Они весла убрали, затаились. Сидим, молчим. Я искоса по сторонам поглядываю. Никого вокруг не видно. Значит, дело ясное, все остальные челны потонули. И вообще…
Но об этом мне и думать не хотелось. Отгонял я эти мысли, другие придумывал. Вот, например, такие: никакого Цмока мы не видели, никуда мы не плыли, а это я просто лежу у Яромы во флигеле, он на меня дурной сон напустил, заполохать надумал. Но ничего! Вот я сейчас проснусь, вот только ущипну себя, вот еще сильнее ущипну…

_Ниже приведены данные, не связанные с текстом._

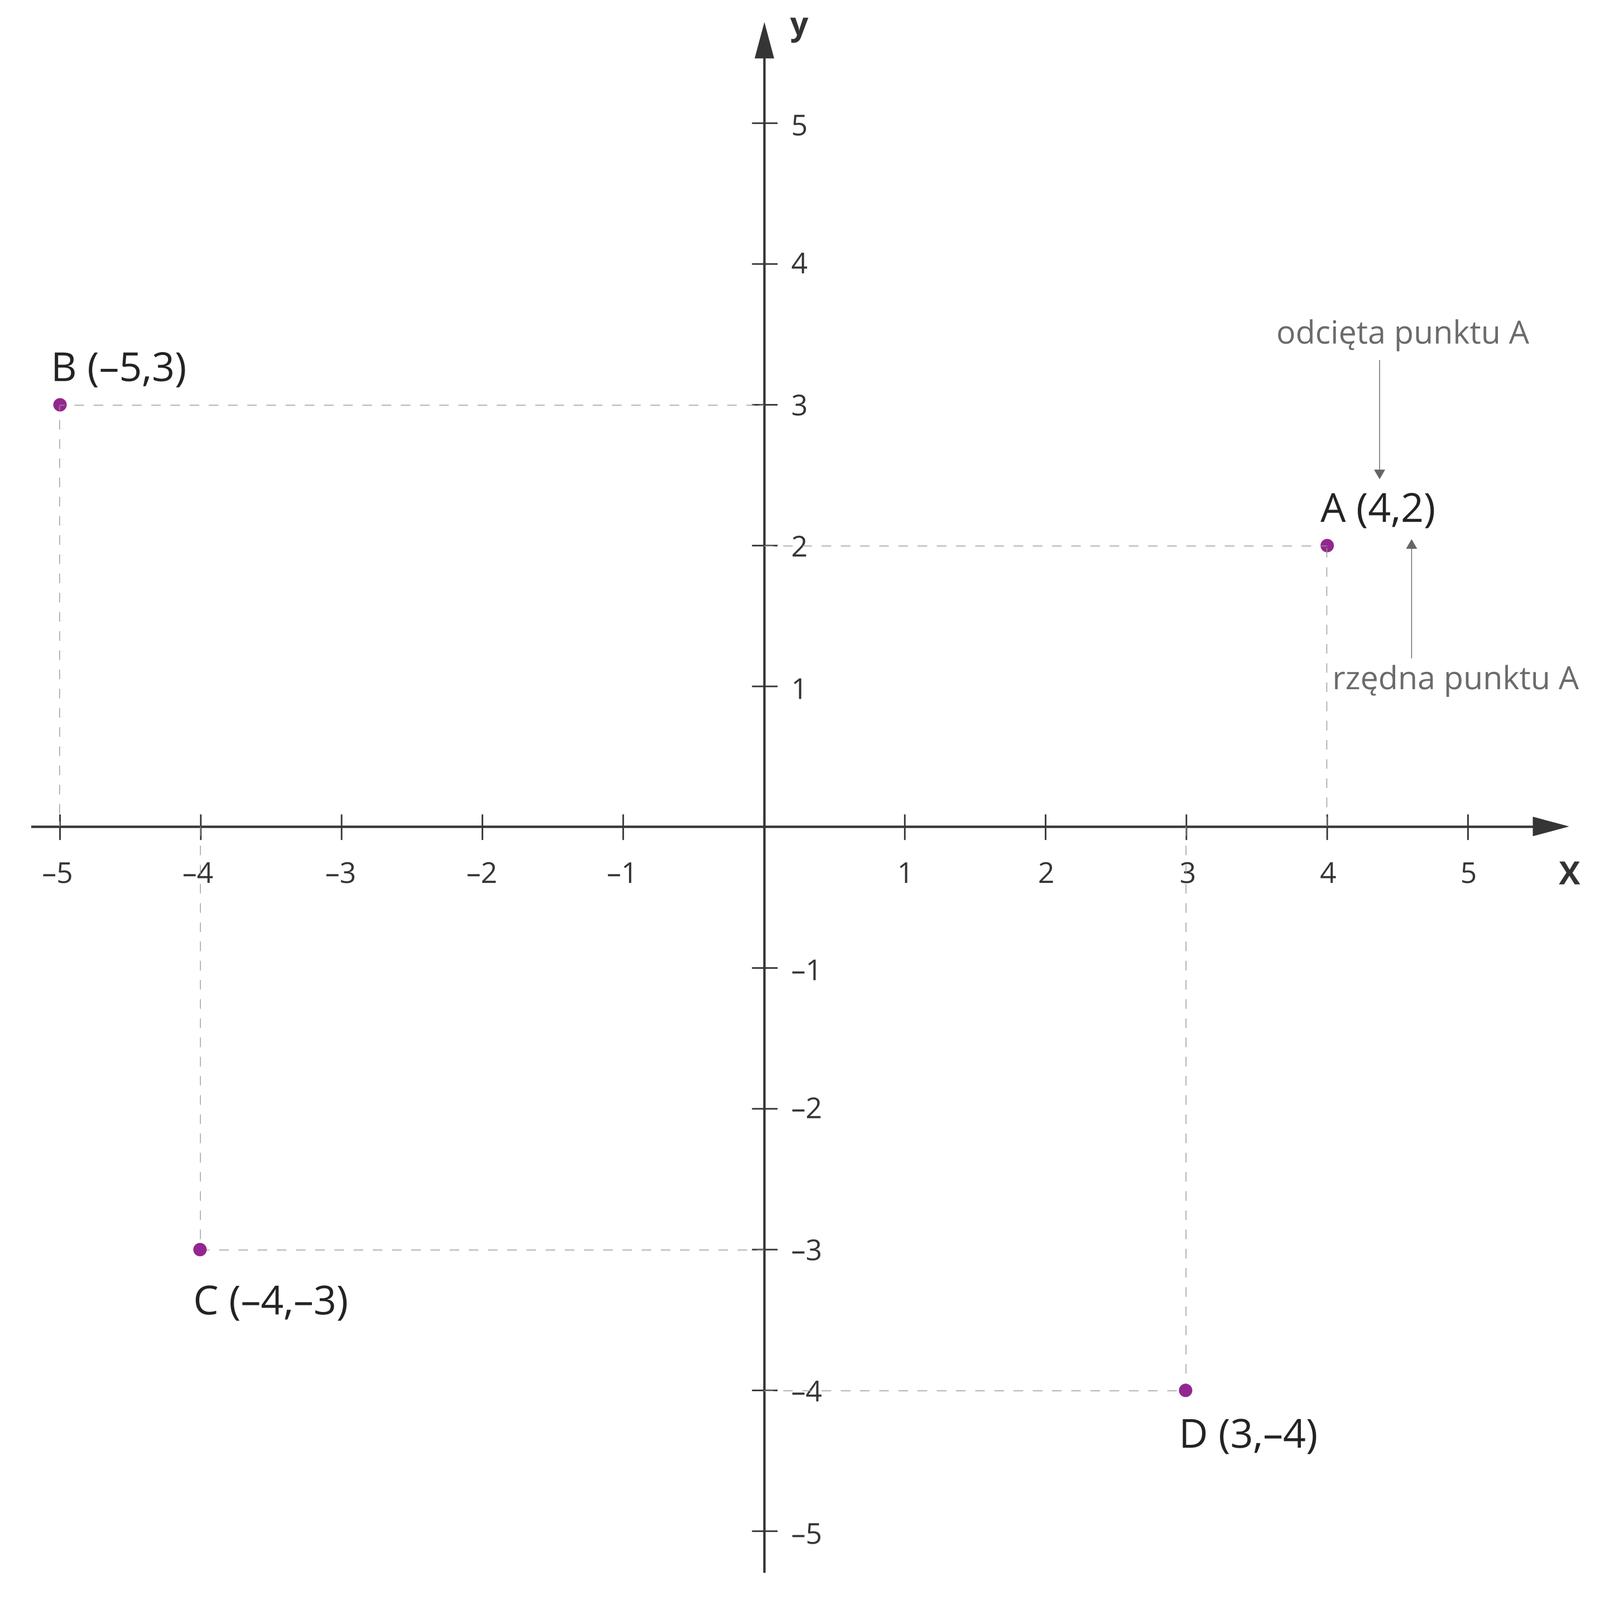 """Ilustracja przedstawia układ współrzędnych prostokątnych na płaszczyźnie. Tło białe, osie czarne. Na układzie zaznaczono cztery punkty: A, B, C, D. Każdy położone winnej ćwiartce układu. Współrzędne: A(4,2); B(-5, 3), C(-4,-3), D(3, -4). Przy współrzędnych punktu Adodano podpisy. Podpis do liczby 4: """"odcięta punktu A"""". Podpis do liczby 2: """"rzędna punktu A""""."""

Только дурное это все! Щипай не щипай, кусай не кусай, но никакой это не сон, а самая настоящая явь: сижу я в челне, ночь темная, дождь мне за шиворот хлещет, стрельцы Цмока веслами забили, Цмок сдох…
Нет, думаю! Чего это ты, пан судья, раскис, как первый блин? Цмок, он здоровый, гад, его так просто не убьешь! Цмок, он себя еще покажет, он тебя еще сожрет, а кости выплюнет. Но пока это случится, ляг да сосни часок-другой, ты же вон как устал, такой был трудный день — сосни!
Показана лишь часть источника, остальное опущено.